Pour encourager les enfants dans leurs efforts, Karine Gougerot, photographe professionnelle et responsable de Sidina, leur avait remis un diplôme ce jour-là, et ce en présence de leurs parents. L’excitation était à son comble parmi ces enfants de six ans en recevant le petit carton sur lequel on peut lire : « L’association Sidina certifie que l’élève XX a suivi avec assiduité le “projet photographique Diraloin” et lui délivre ce diplôme. » Les yeux écarquillés, ils essayaient de déchiffer ce qui y est écrit, mais en étant conscients de leurs limites. « Ayo, c’est un peu difficile. Quand on sera plus grand, on pourra lire tout ca… » laisse échapper une petite voix. Ces enfants sont donc déterminés à aller plus loin dans leur apprentissage, comme le souhaite d’ailleurs le titre du projet.  Marie-Anne Gopaul, la directrice, avoue avoir été prise au dépourvu par les témoignages émouvants des parents et pour leurs propos élogieux vis-à-vis de l’école. Mais elle a le ton modeste. « Nous n’avons pas fait de miracles. On nous a dit qu’on peut faire des merveilles dans l’apprentissage par le biais de la photo, on y a cru et cela a fonctionné. Les enfants sont heureux et épanouis.
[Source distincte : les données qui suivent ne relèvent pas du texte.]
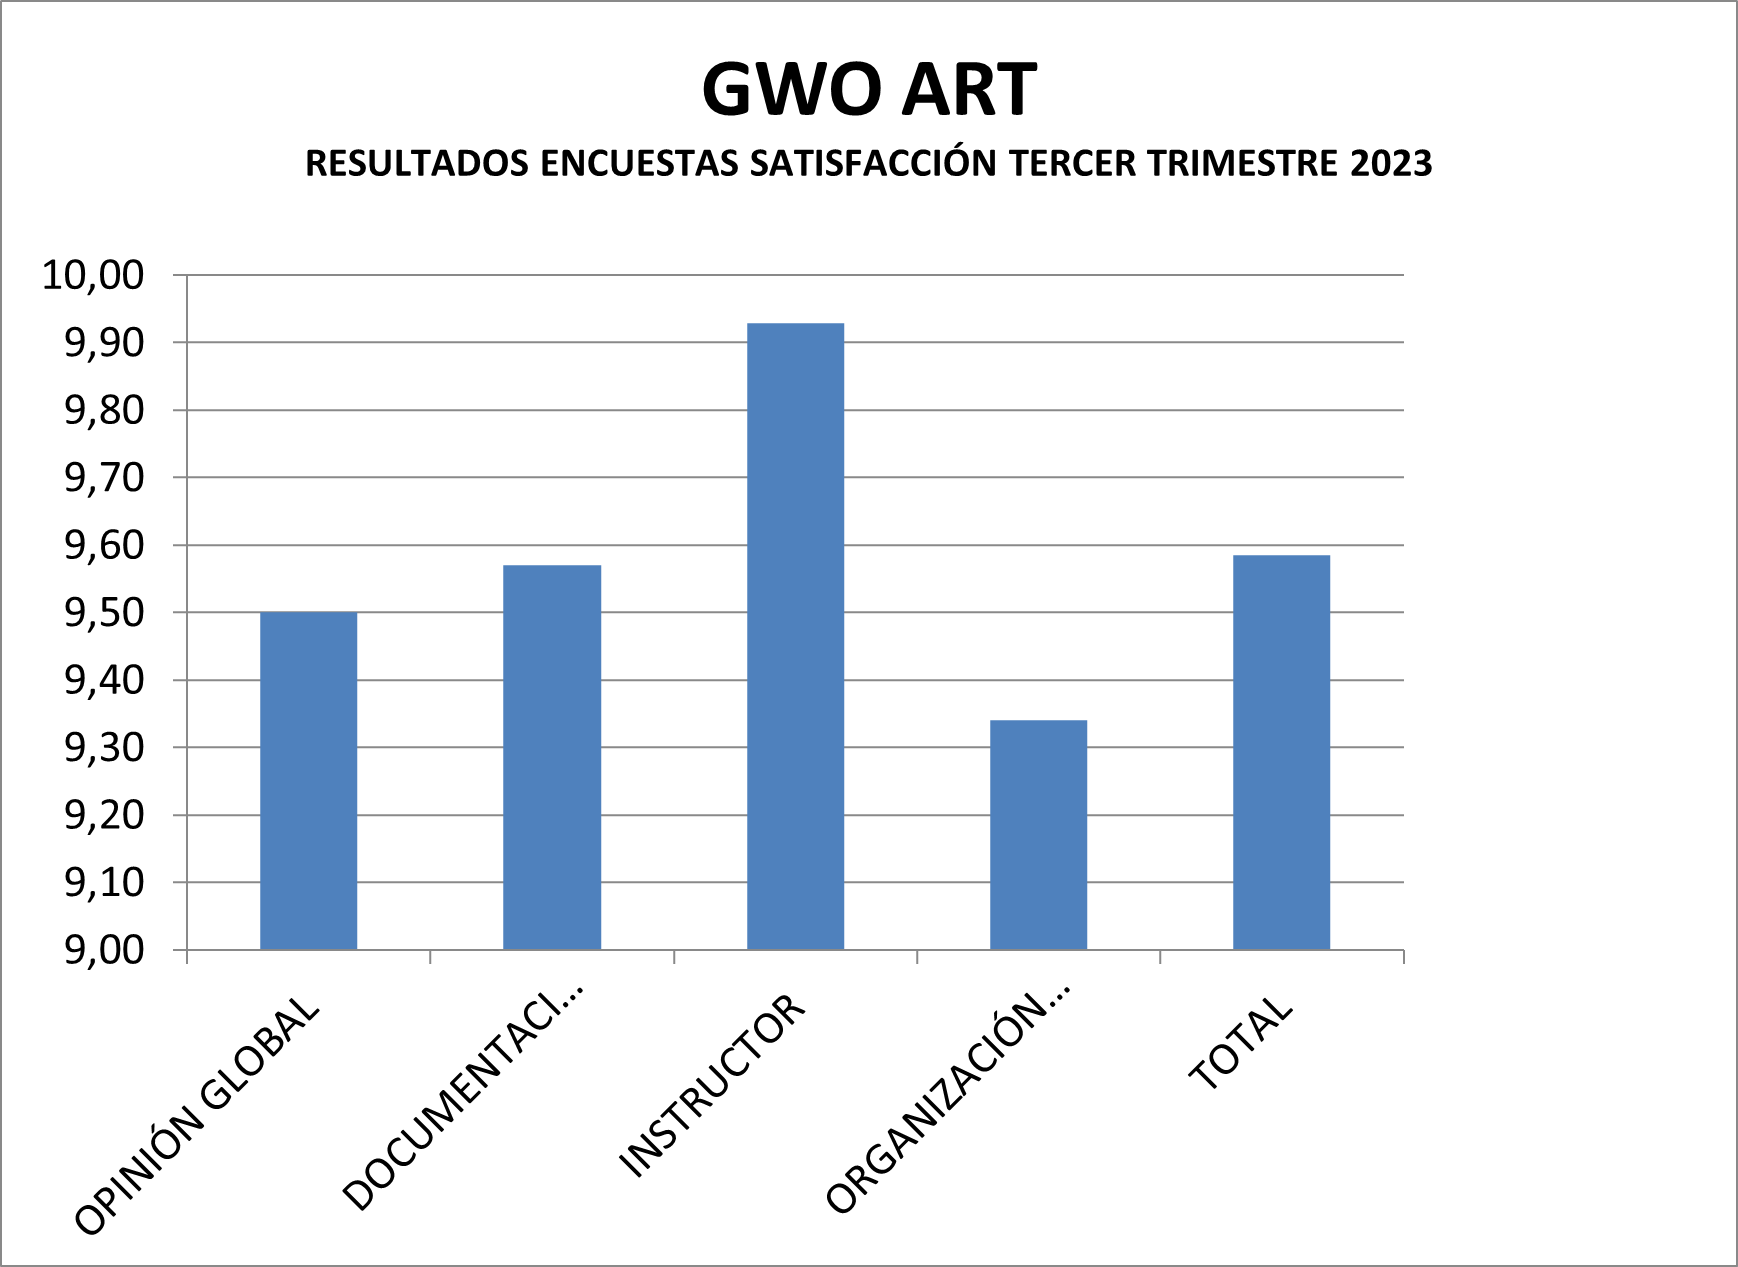 Encuesta de calidad GWO ART tercer trimestre 2023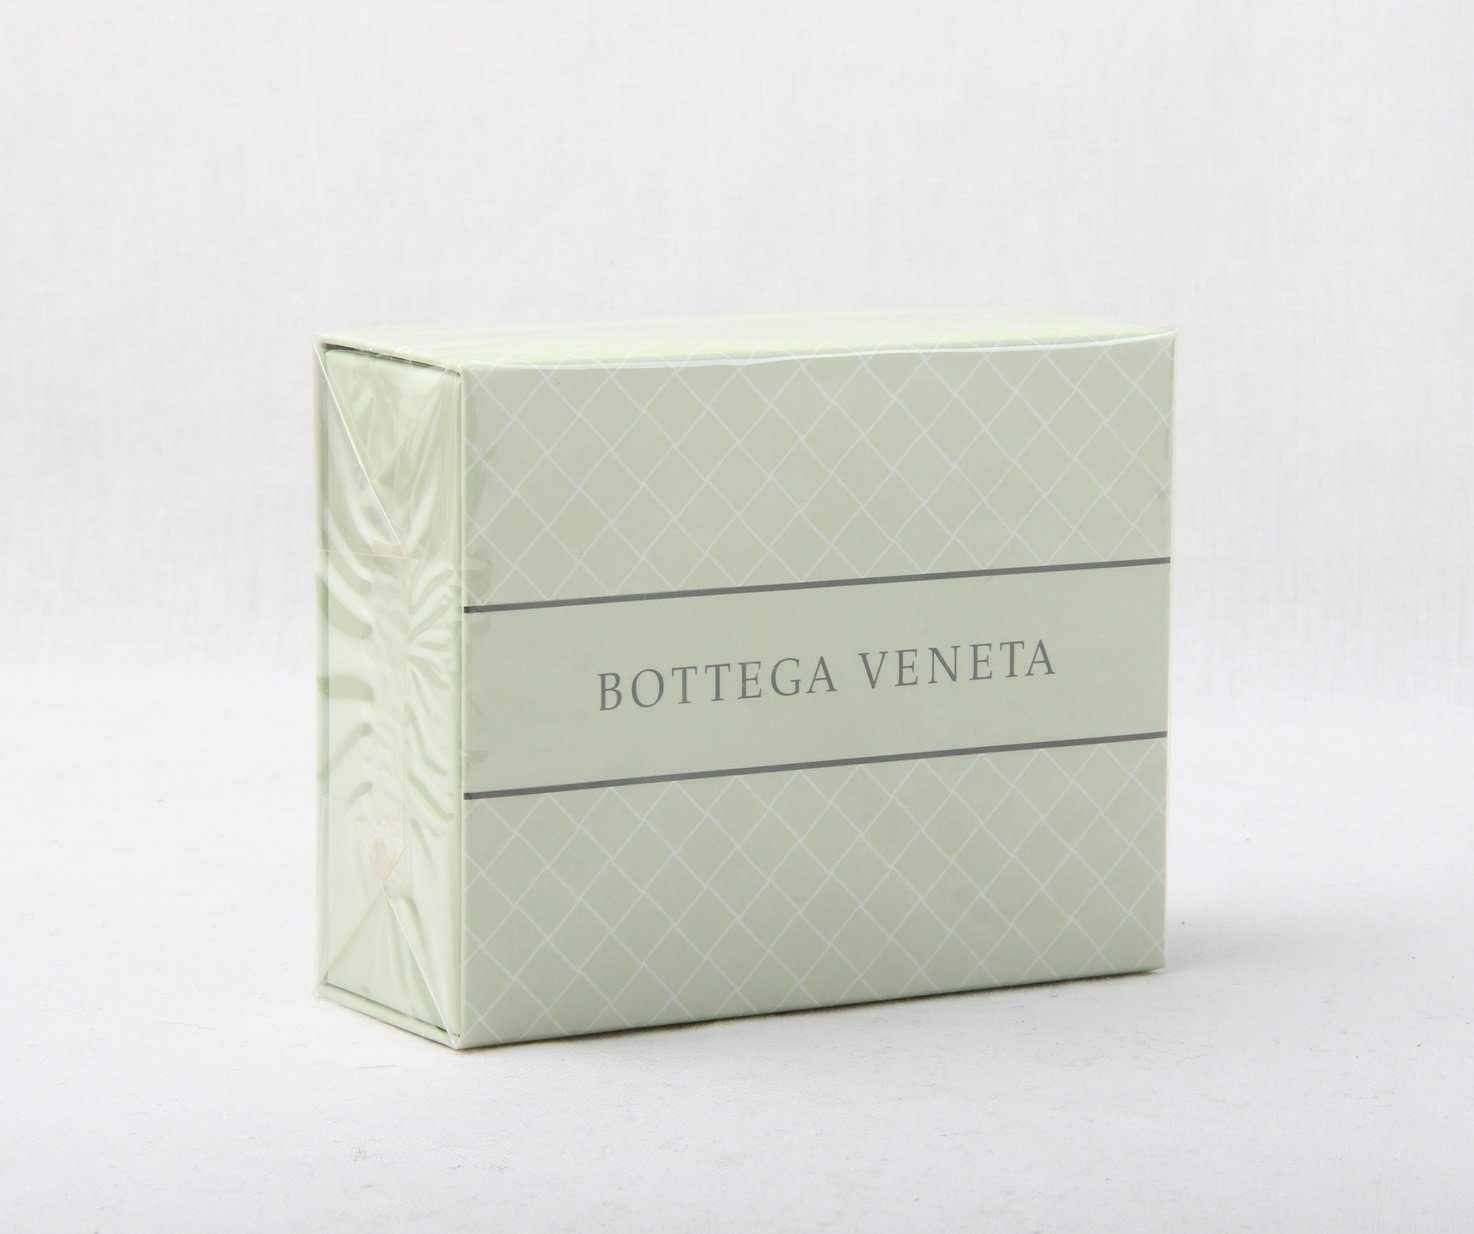 Handseife Bottega 150g Perfumed Soap VENETA Aromatique Veneta Essence Seife BOTTEGA

Ils s’expriment avec facilité et c’est ce que nous voulons dans nos écoles », dit la Head Teacher. Pour rappel, l’organisation travaille sur l’utilisation de la photo comme méthode d’expression et d’apprentissage. Si l’intérêt principal chez les enfants est le maniement de l’appareil photographique, ils sont appelés aussi à un travail d’écriture, de dessin, de communication et d’expression corporelle. Et tout cela couplé à l’imagination et au sens de la créativité de l’enfant. Autant d’éléments ayant conduit à la réalisation de ce magnifique “Livre de l’Alphabet”, que les petits apprenants de l’école La Montagne RCA  ont réalisé et qui a été présenté à leurs  parents.  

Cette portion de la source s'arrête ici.